Enfin, enfin, des fanaux brillent dans le lointain, sortis sans doute de la porte qui est là-haut découpée dans les remparts, et ils descendent vers nous, par l'espèce d'avenue irrégulière et bossuée où bâillent des cavernes; c'est notre mouna qui nous vient, toujours lente et grave: des couscouss au lait et au sucre; un mouton en vie et plusieurs poulets dans des cages... Nous aurions bien envie de renvoyer ces pauvres bêtes, mais cela nous poserait tout à fait mal; il faut les livrer au couteau et à la voracité de nos gens d'escorte.
D'autres fanaux encore apparaissent sur la hauteur, et descendent vers nous: une troupe armée, jouant du tambourin.

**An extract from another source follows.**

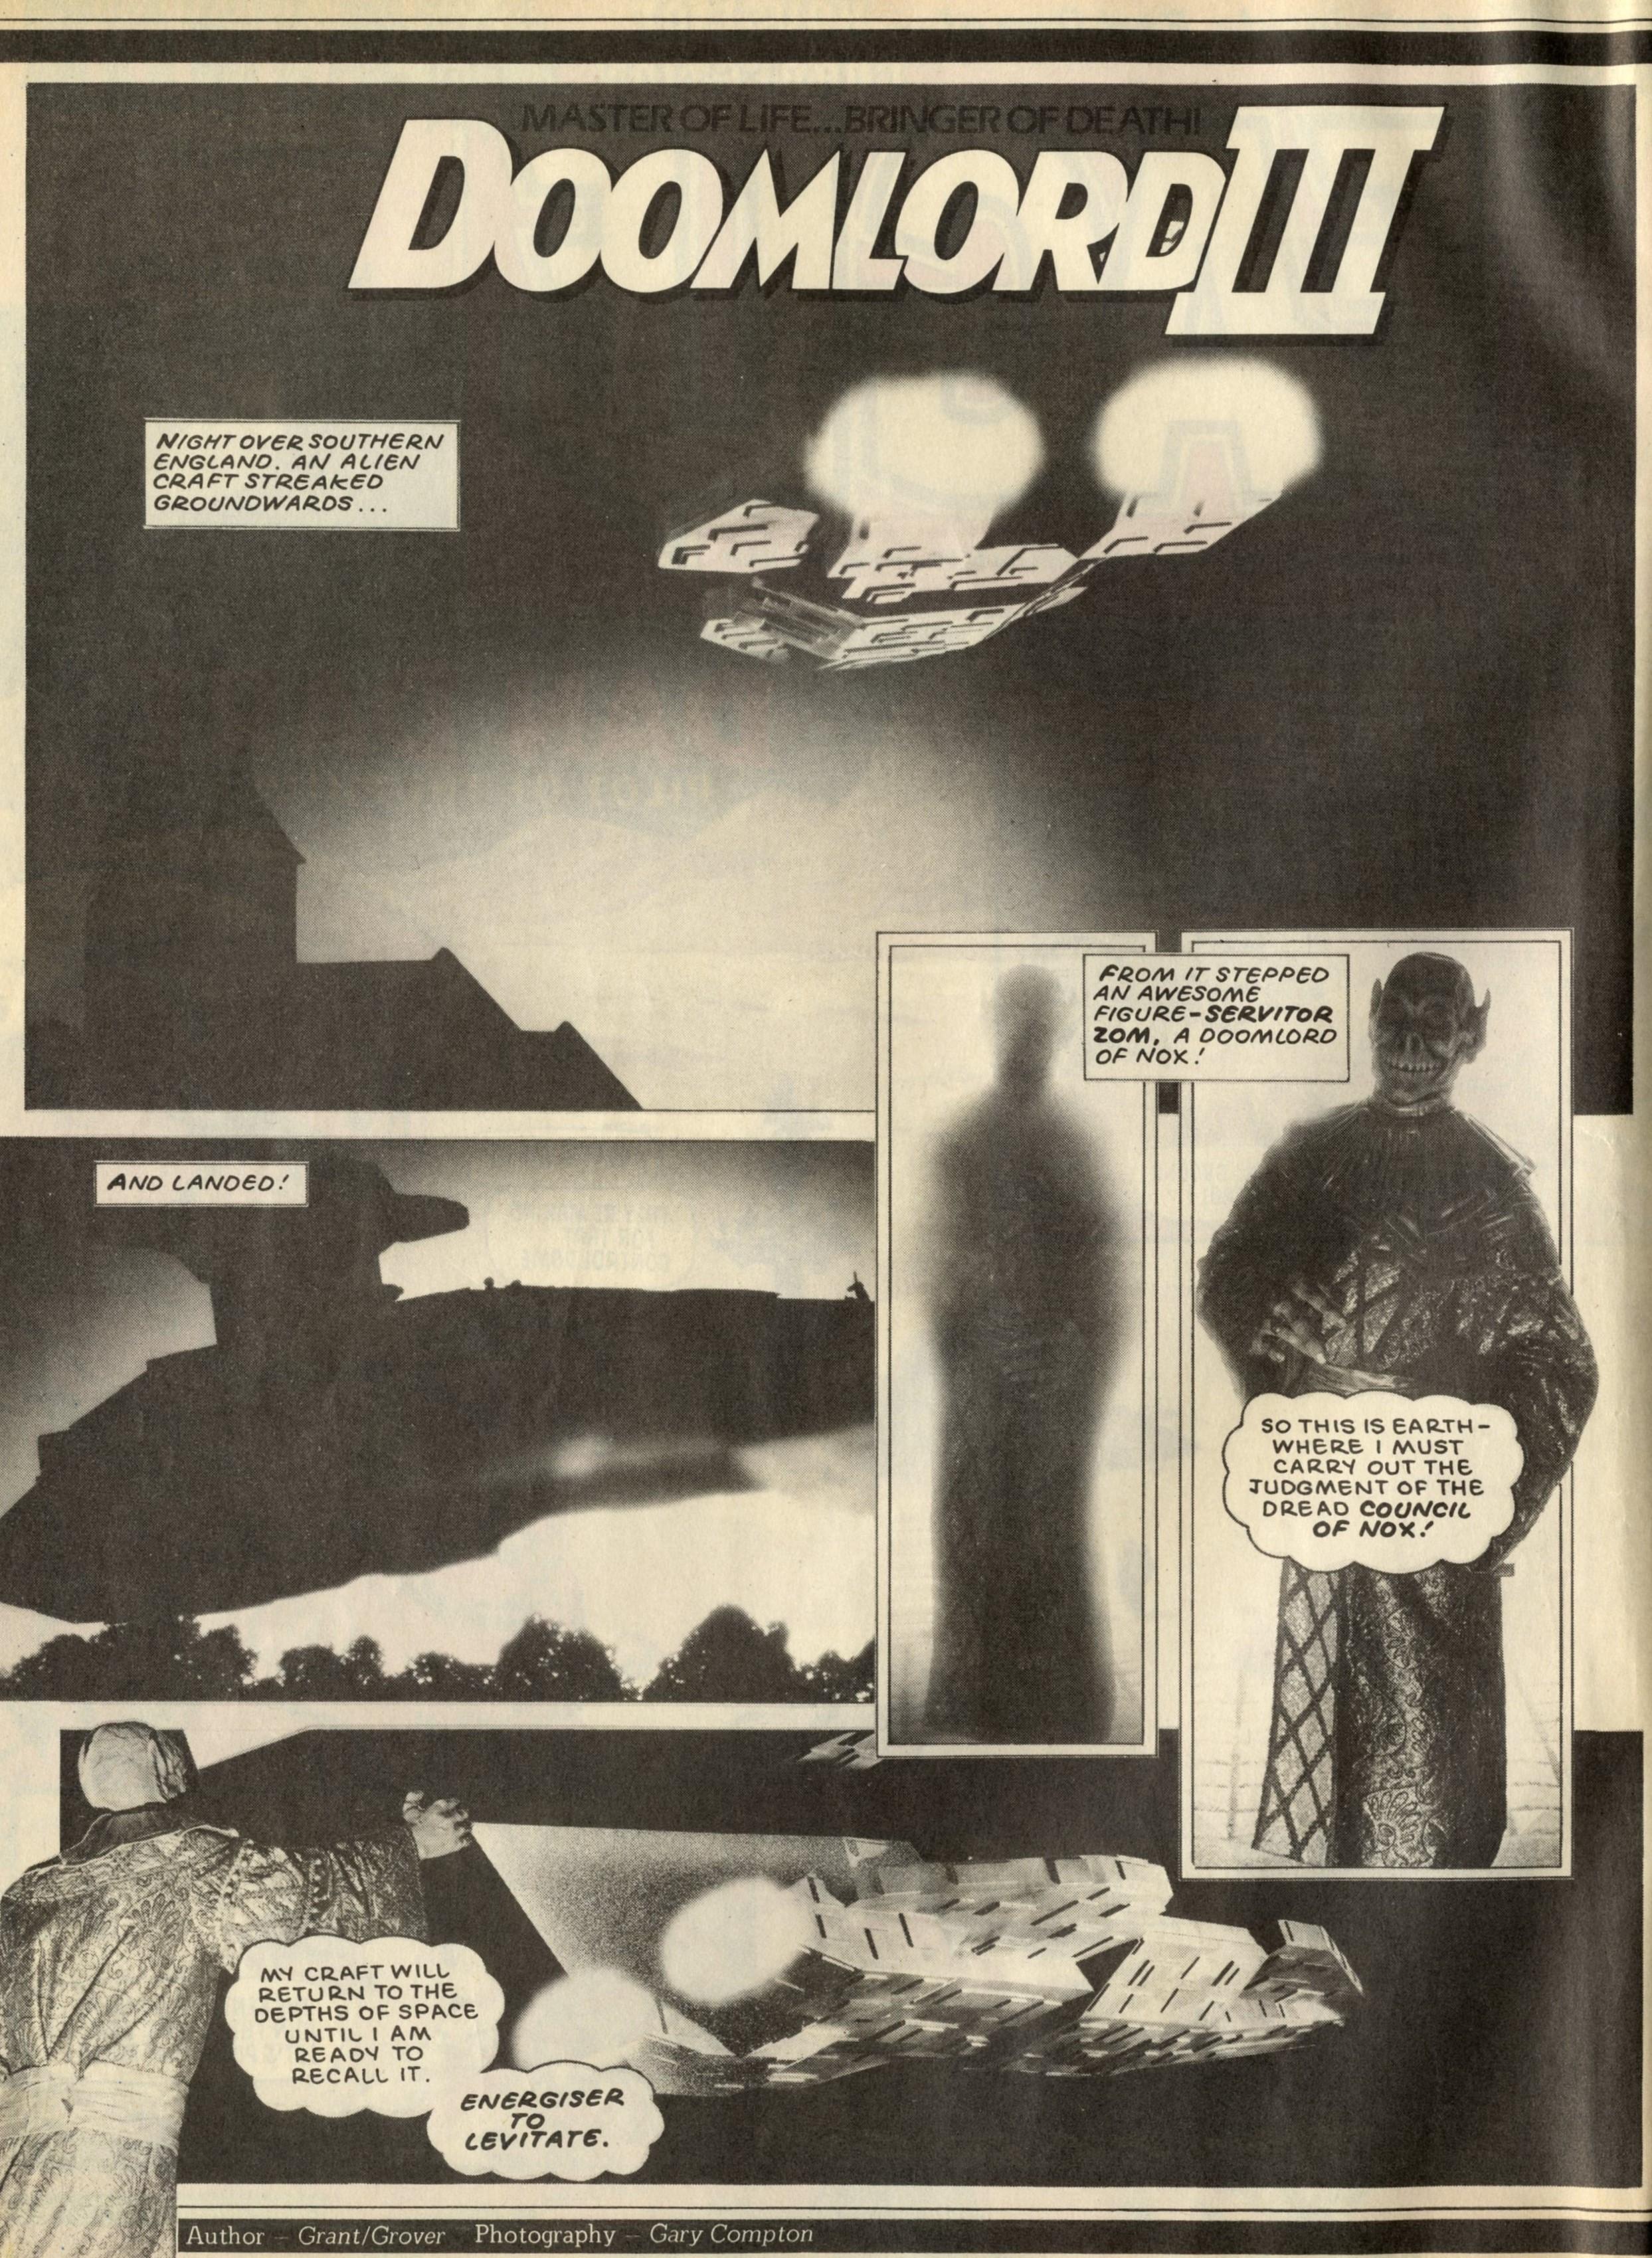 Doomlord: Alan Grant and John Wagner (writers), Gary Compton (photographer)
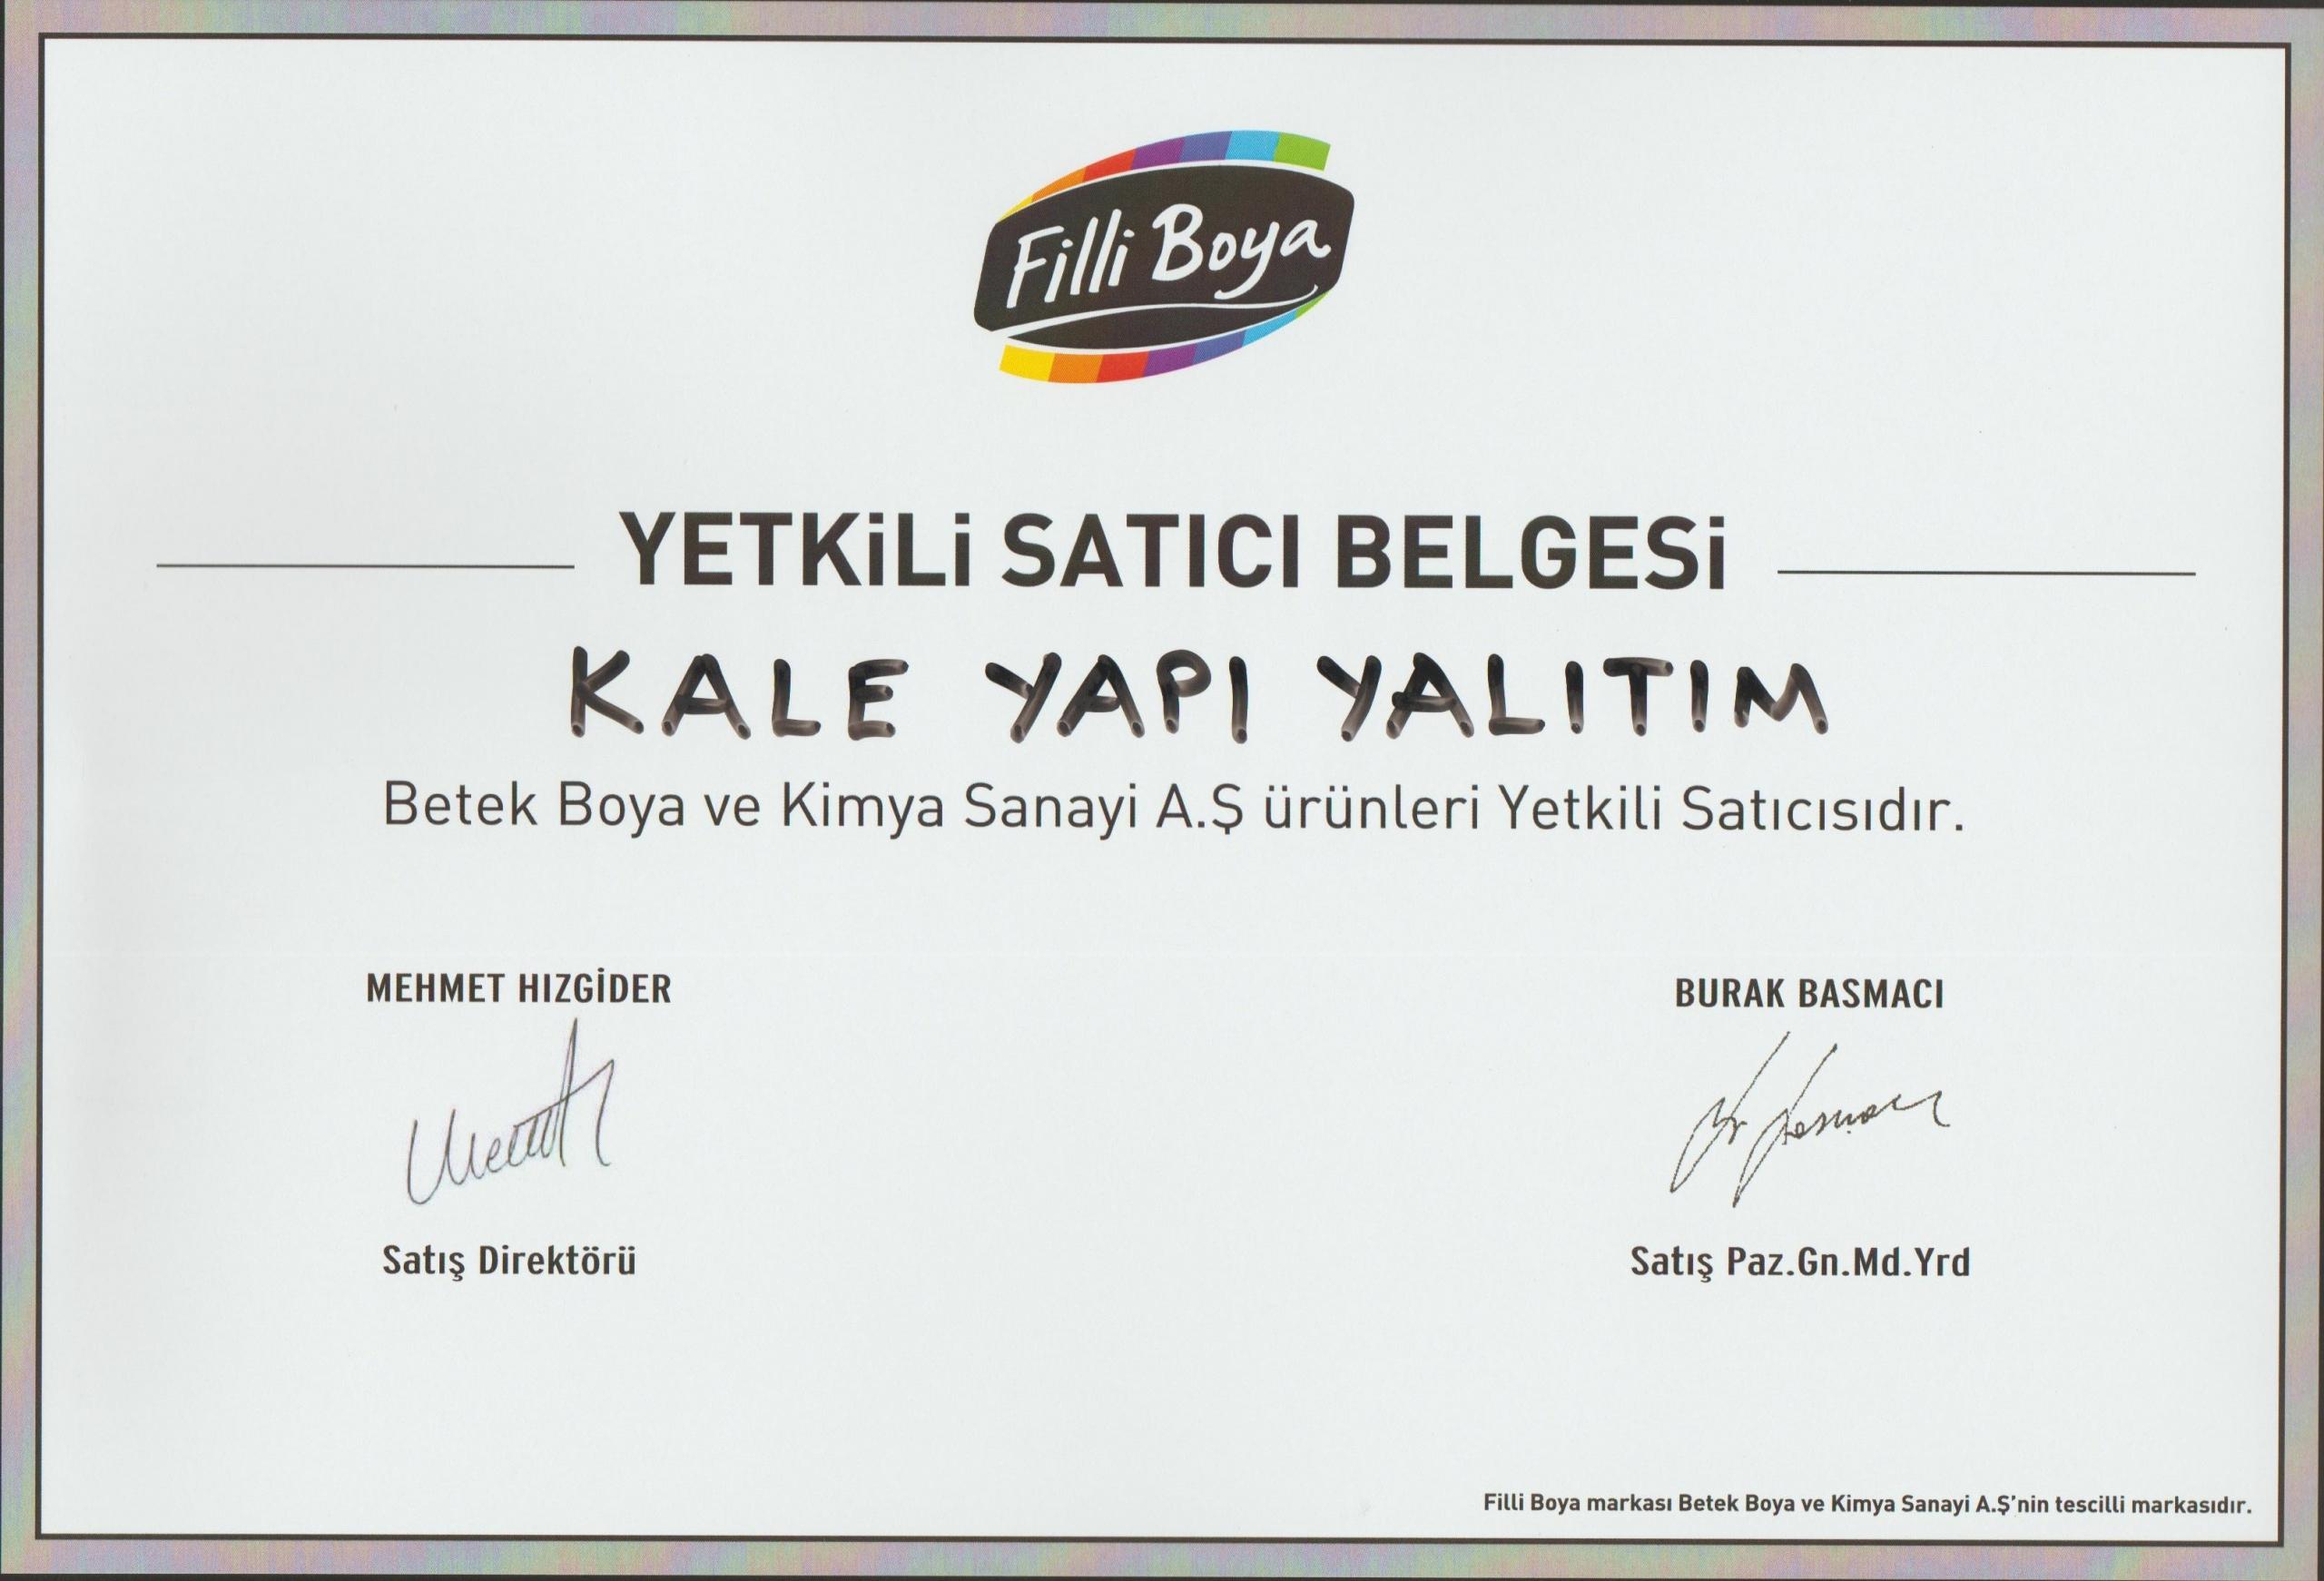 FİLLİ BOYA BAYİİ

Ce sont les soldats qui viennent pour nous garder jusqu'au lever du jour; et, à voir comme ils sont nombreux—au moins quatre-vingts—on peut juger que le jeune pacha est bien prudent, ou que le lieu a bien mauvais renom.
Ils s'asseyent en cercle, autour de nos tentes, sur l'herbe suspecte ou sur les vagues choses noires, et commencent à chanter pour se tenir en éveil, en se faisant face deux à deux. Ils chanteront jusqu'au matin; c'est l'usage pour tous les gardes nocturnes qui font consciencieusement leur service, et il faudra nous arranger pour dormir comme nous pourrons au milieu de ce chœur sauvage qui n'aura jamais de trêve.